▶ _TASK DIRECTIONS_:
Give back the lines below exactly, but do not include any pictures.

▶ _DATA PROVIDED_:
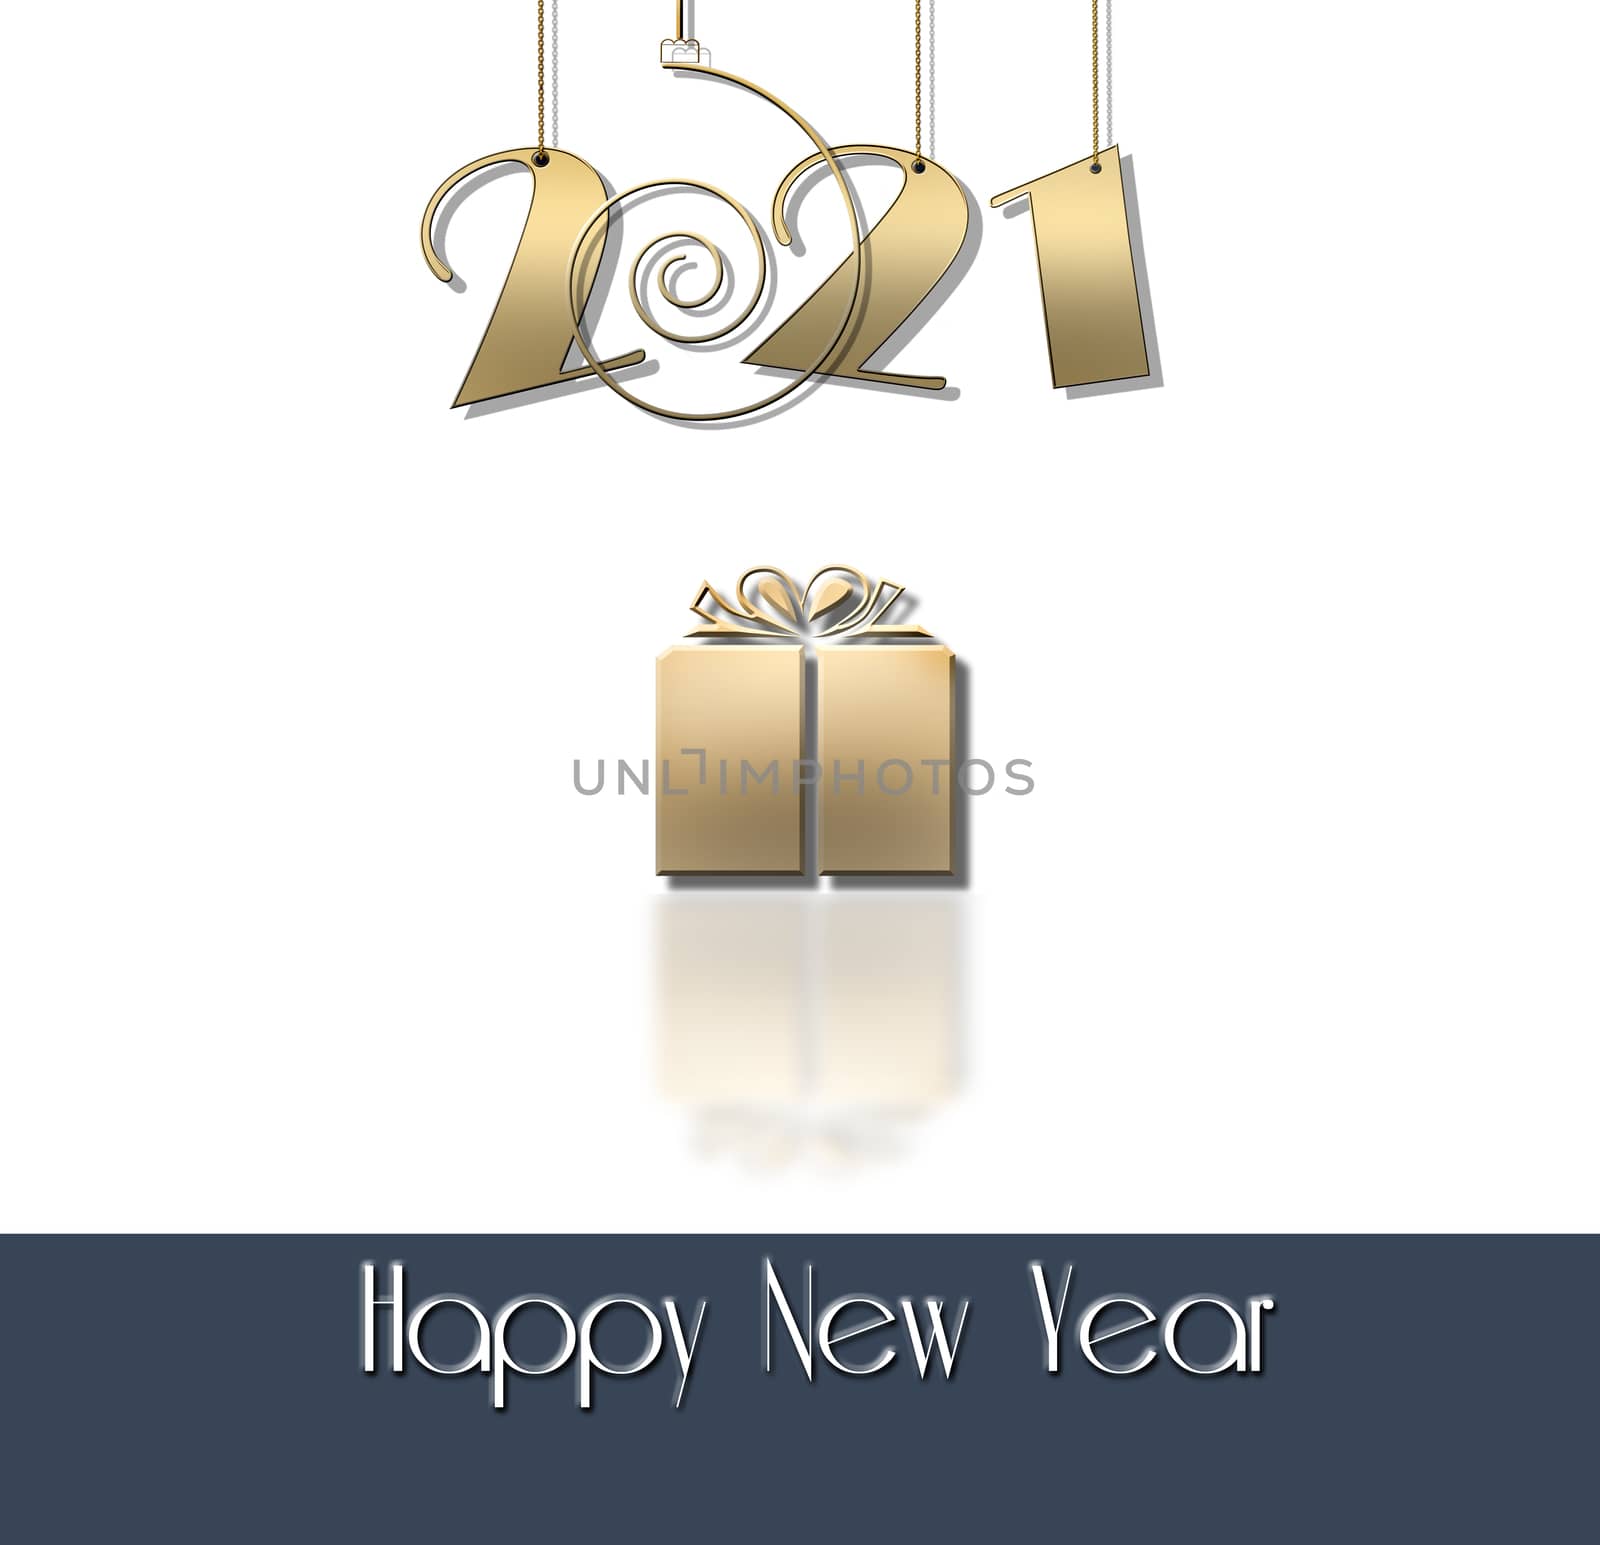 Luxury minimalist Happy New 2021 Year design with hanging gold 2021 digit, shiny gift box with reflection on white background. Text Happy New Year. Mock up, Copy space, greeting card. 3D illustration
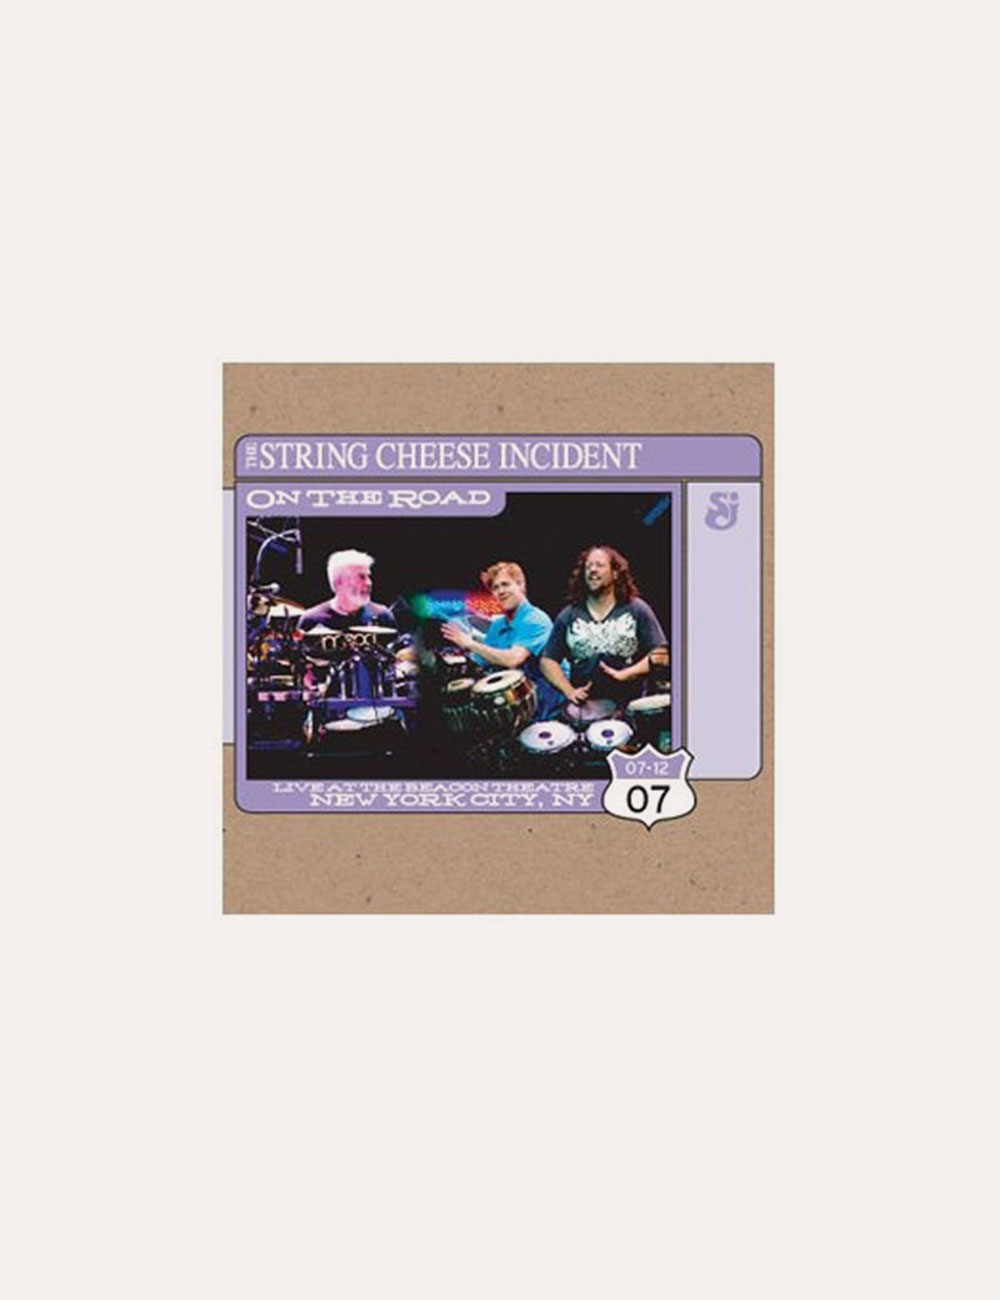 The String Cheese Incident - Merch - On The Road July 12 , 2007 CD
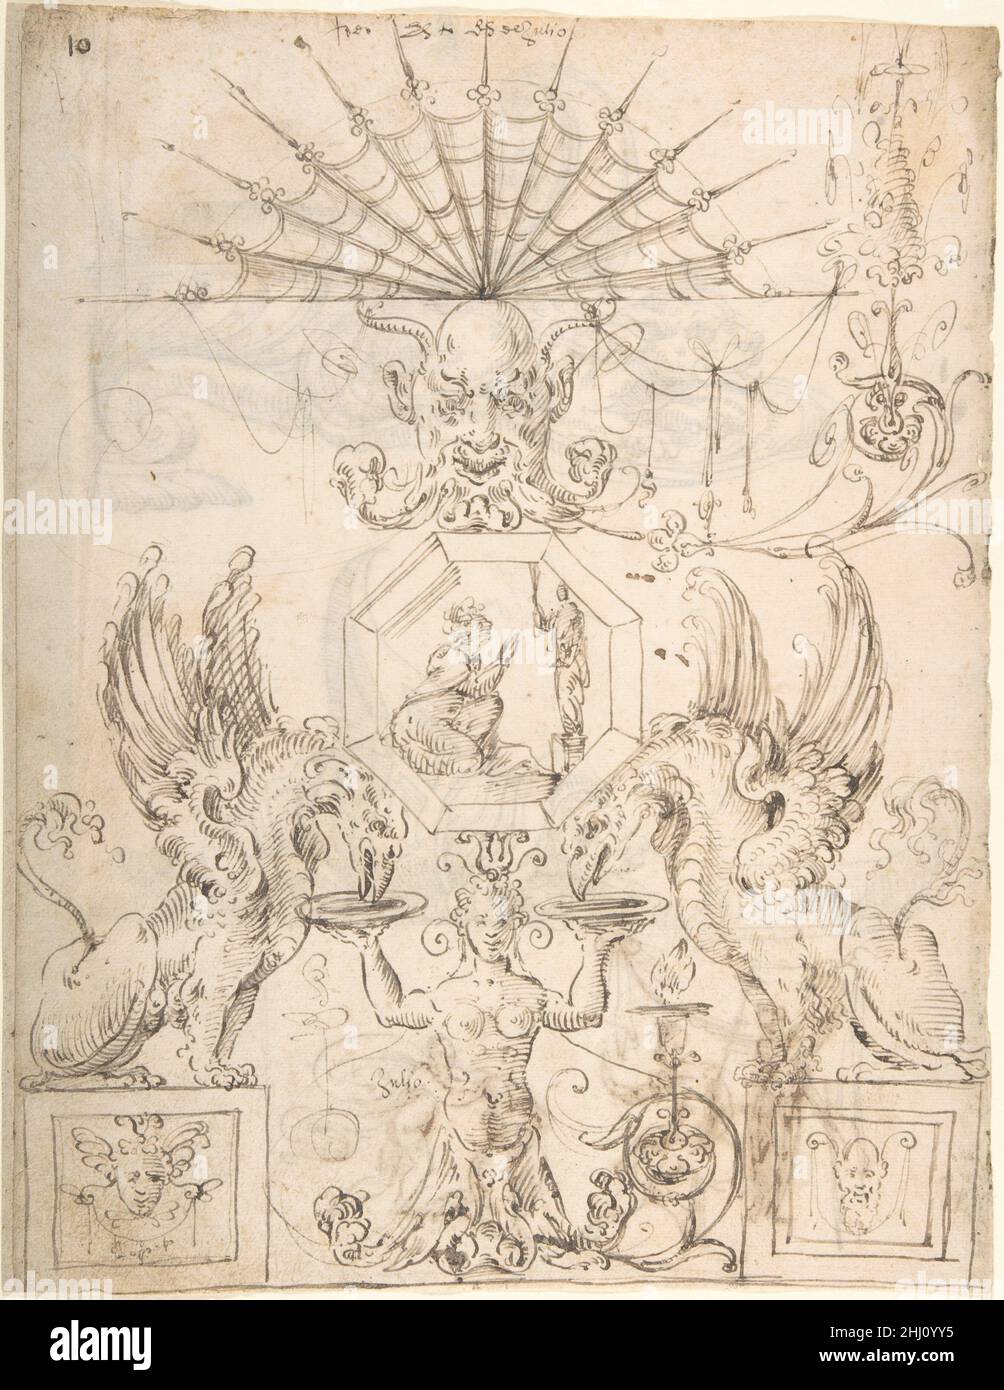 Grotesque Design with an Octagonal Panel in the Center and Two Griffins Drinking from PLates held up by a Hybrid Creature (recto); Two Turtles above a Scene with Four Figures (verso) ca. 1545–60 attributed to Andrés de Melgar Spanish. Grotesque Design with an Octagonal Panel in the Center and Two Griffins Drinking from PLates held up by a Hybrid Creature (recto); Two Turtles above a Scene with Four Figures (verso)  337501 Stock Photo
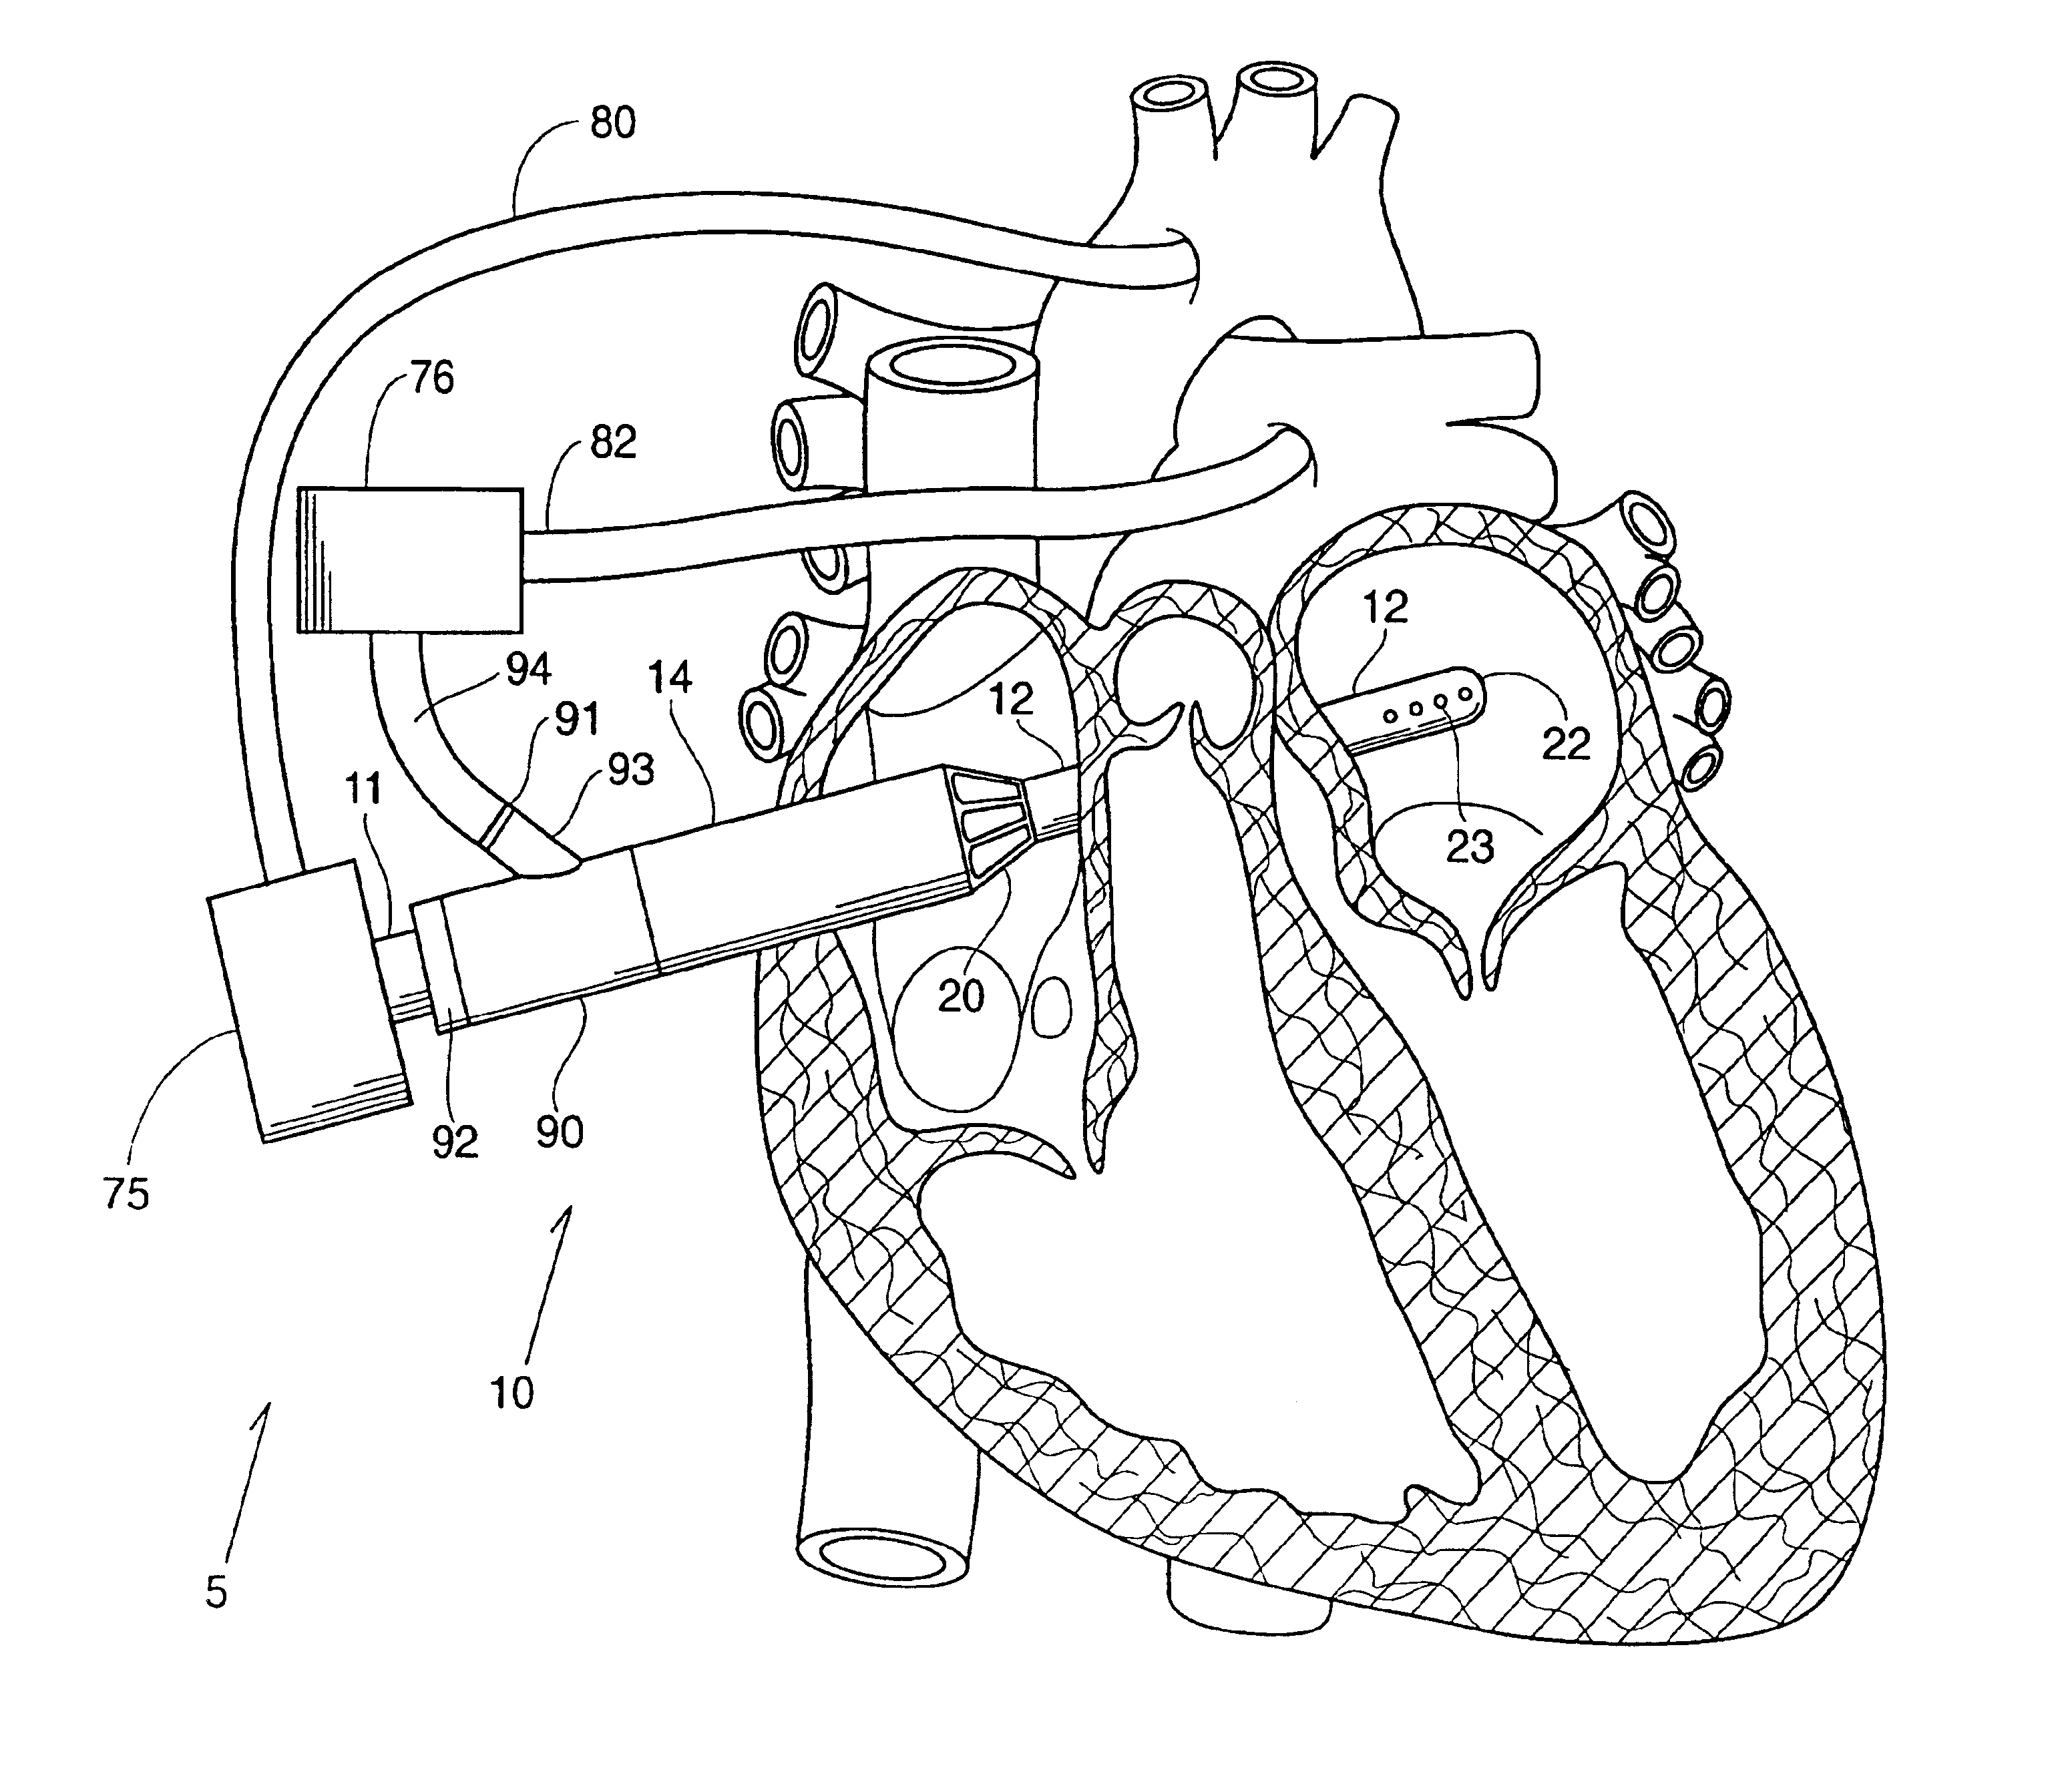 Left and right side heart support

▶ _EXERCISE RESULT_:
 Luxury minimalist Happy New 2021 Year design with hanging gold 2021 digit, shiny gift box with reflection on white background. Text Happy New Year. Mock up, Copy space, greeting card. 3D illustration
 The String Cheese Incident - Merch - On The Road July 12 , 2007 CD
 Grotesque Design with an Octagonal Panel in the Center and Two Griffins Drinking from PLates held up by a Hybrid Creature (recto); Two Turtles above a Scene with Four Figures (verso) ca. 1545–60 attributed to Andrés de Melgar Spanish. Grotesque Design with an Octagonal Panel in the Center and Two Griffins Drinking from PLates held up by a Hybrid Creature (recto); Two Turtles above a Scene with Four Figures (verso)  337501 Stock Photo
 Left and right side heart support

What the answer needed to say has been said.